The Order of the President of Ukraine of 27 August 2000 No 1031 “On measures to improve the efficiency of control and revision work the Main Control and Revision Office of Ukraine” was given the status of a central executive body.

According to the Order of the President of Ukraine of 9 December 2010 No 1085/2010 “On optimization of central executive bodies the Main Control and Revision Office of Ukraine” was reorganized into the State Financial Inspection of Ukraine (the DFI).

According to the Decree of the Cabinet of the Ministers of Ukraine of 28 October 2015 No 868 “On establishment of the State Audit Service of Ukraine” the DFI was reorganized into the State Audit Service of Ukraine.

In 2020, the reform of the State Audit Service of Ukraine into an office began, but it was not completed.

==Management==
Chairman of the State Audit Service of Ukraine - Alla Basalaeva
Deputy Chairman of the State Audit Service of Ukraine - Oleksandr SHKUROPAТ
Deputy Chairman of the State Audit Service of Ukraine -Yuliia SOLIANIК
Deputy Chairman of the State Audit Service of Ukraine for Digital Development, Digital Transformation and Digitalization - Dmytro Shevchuk

==Main tasks of the SAS==
The main tasks of the SAS are:
1) implementation of the state policy in the sphere of the public financial control;
2) carrying out of the public financial control which is aimed at the assessment of effective, legal, targeted, resulted use and conservation of public financial resources, fixed other assets, achieving the economy of the budget assets;
3) administrative services provision in cases established by law.

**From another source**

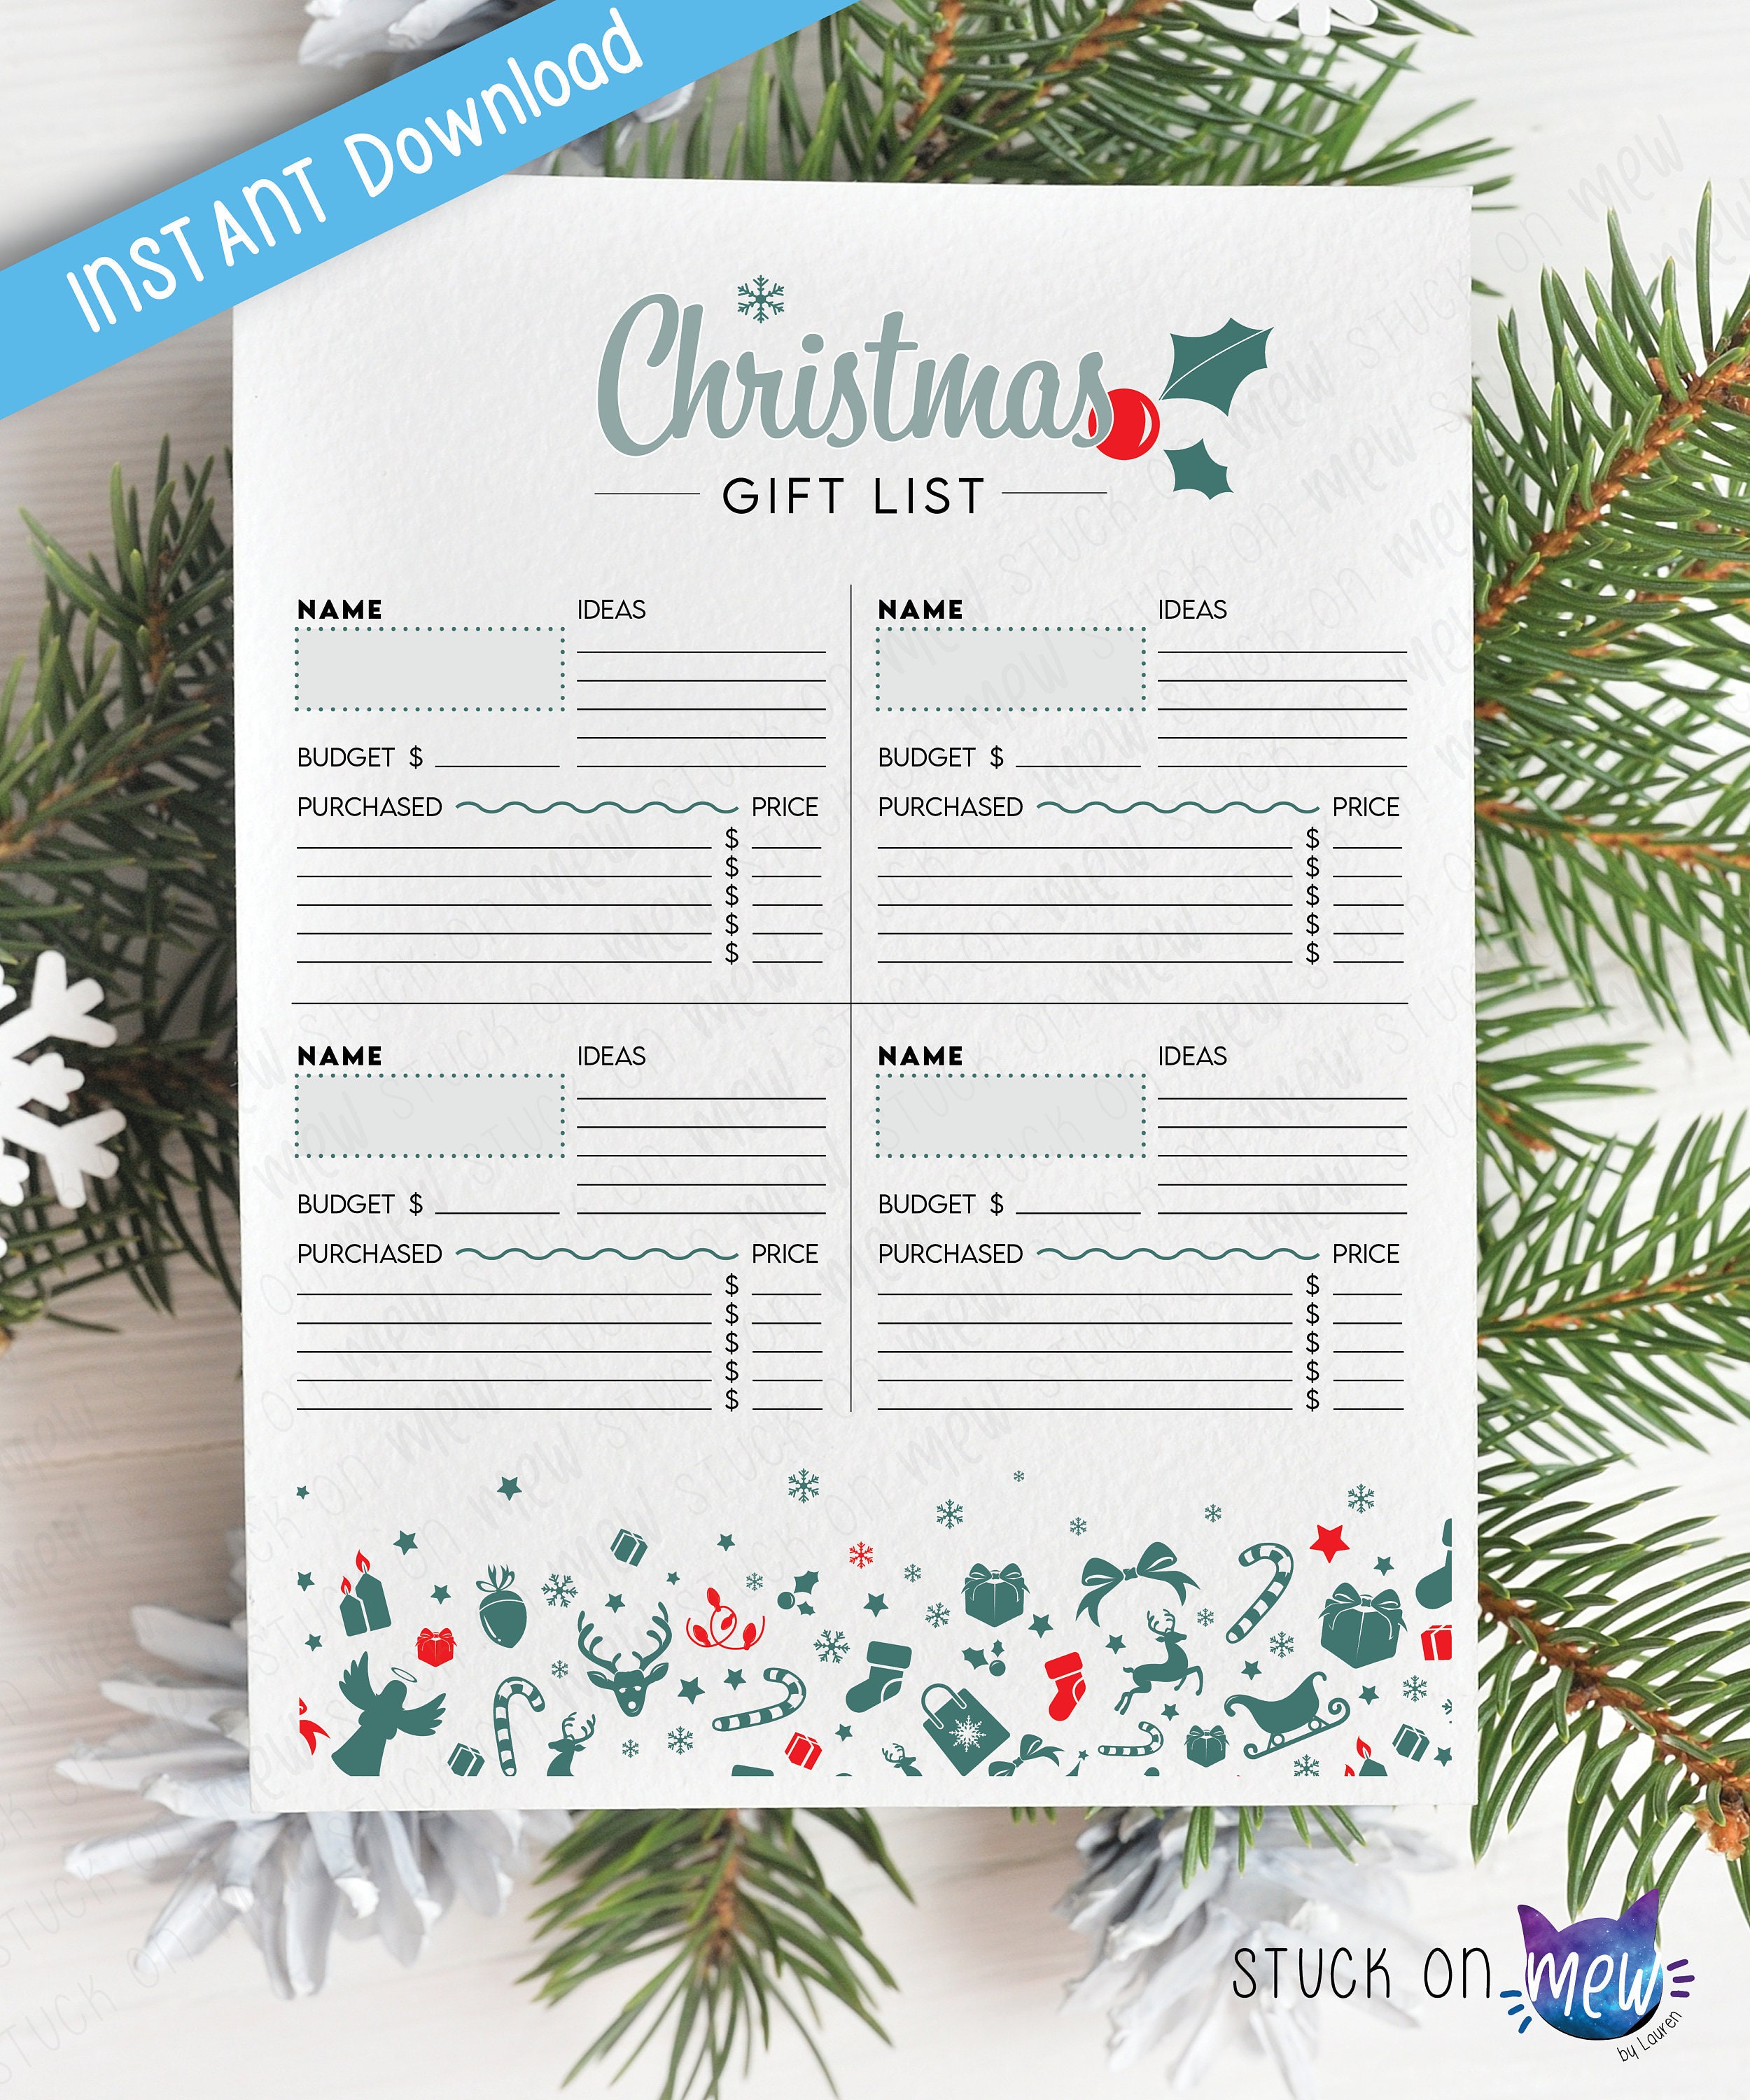 Aesthetic Christmas Wishlist Ideas for Every Style and Budget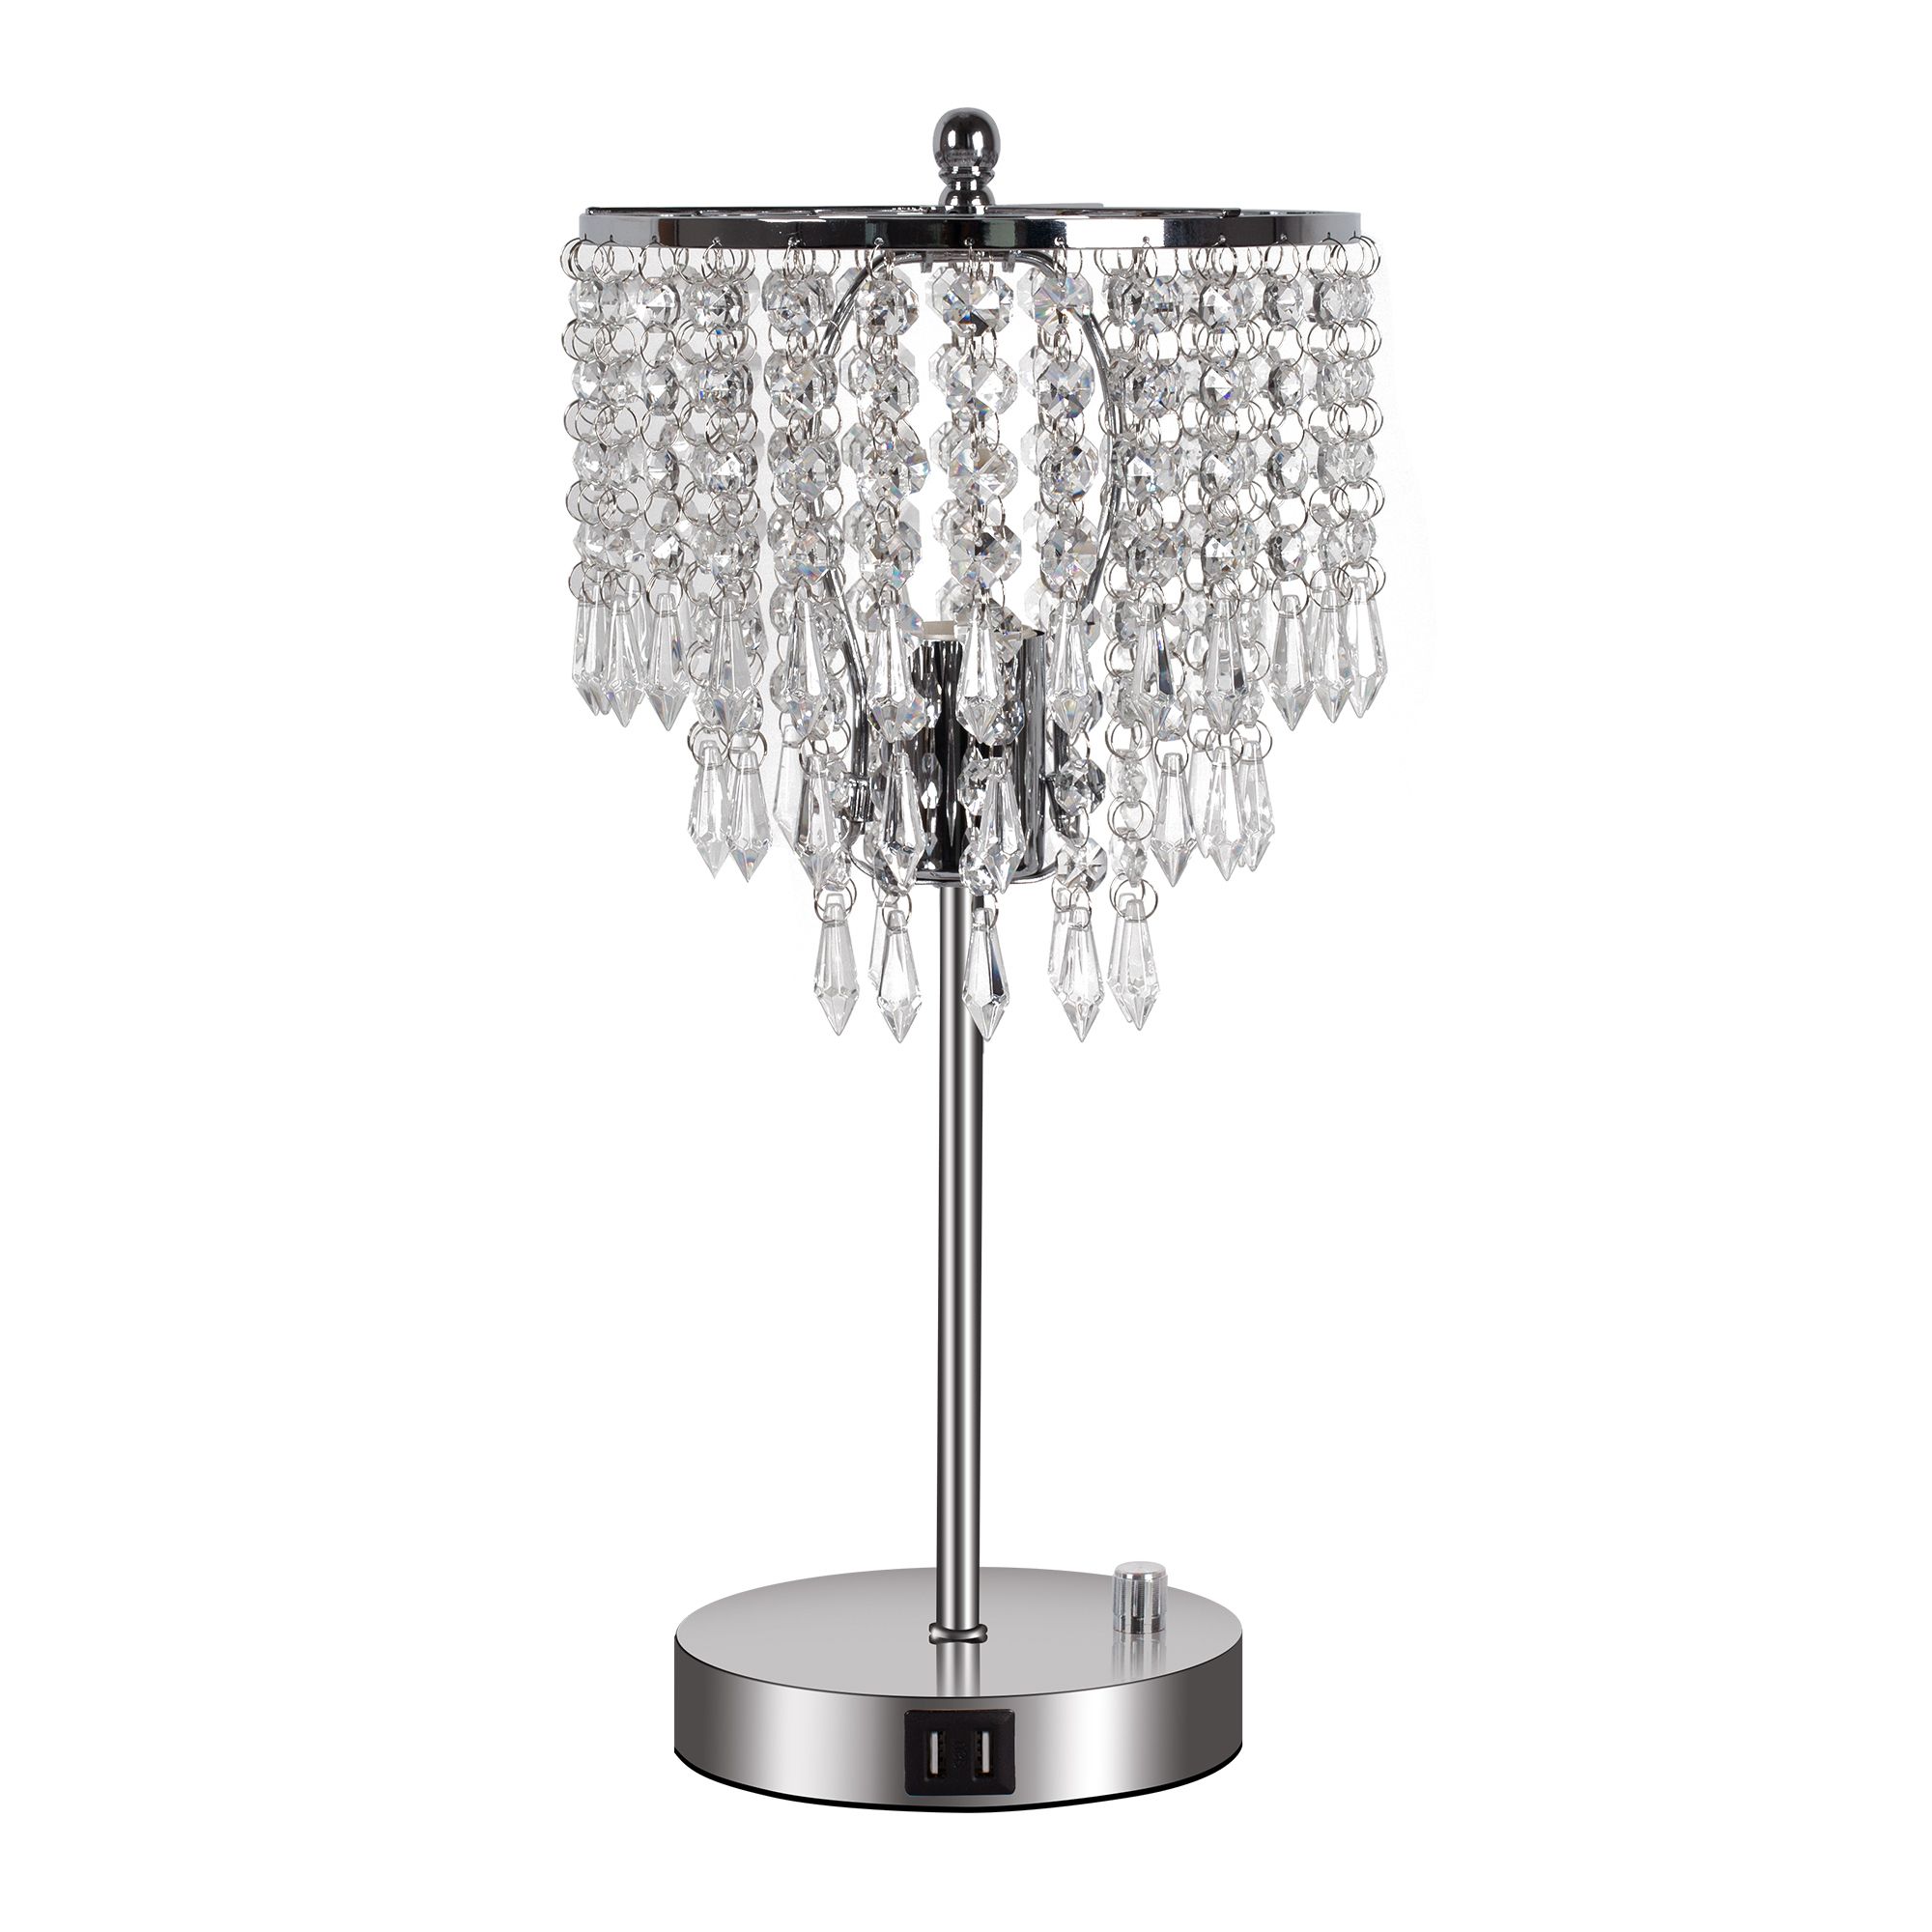 Lohas Dual Usb Port Crystal Table Lamp,k9 Crystal Beads Desk Lamp With  Dimming Button,great For Bedroom Living Room – Walmart Inside Crystal Bead Chandelier Floor Lamps (View 11 of 20)

==Measures of state financial control==

According to the Law of Ukraine “On State Control and Revision Service of Ukraine” SAS carries out the public financial control through performance of:
- the public financial audit,
- the checks of public procurements;
- the inspections (the revisions);
- the monitoring of the procurements

=== Public financial audit ===
A public financial audit shall be a type of public financial control. It shall consist in examination and analysis of the actual state of affairs concerning legal and efficient use of public or municipal funds and property, other assets, accounting accuracy and financial reporting credibility, internal control system operation. It shall be carried out by the body of the public financial control. Results of public financial audits and their assessment shall be formulized in a report.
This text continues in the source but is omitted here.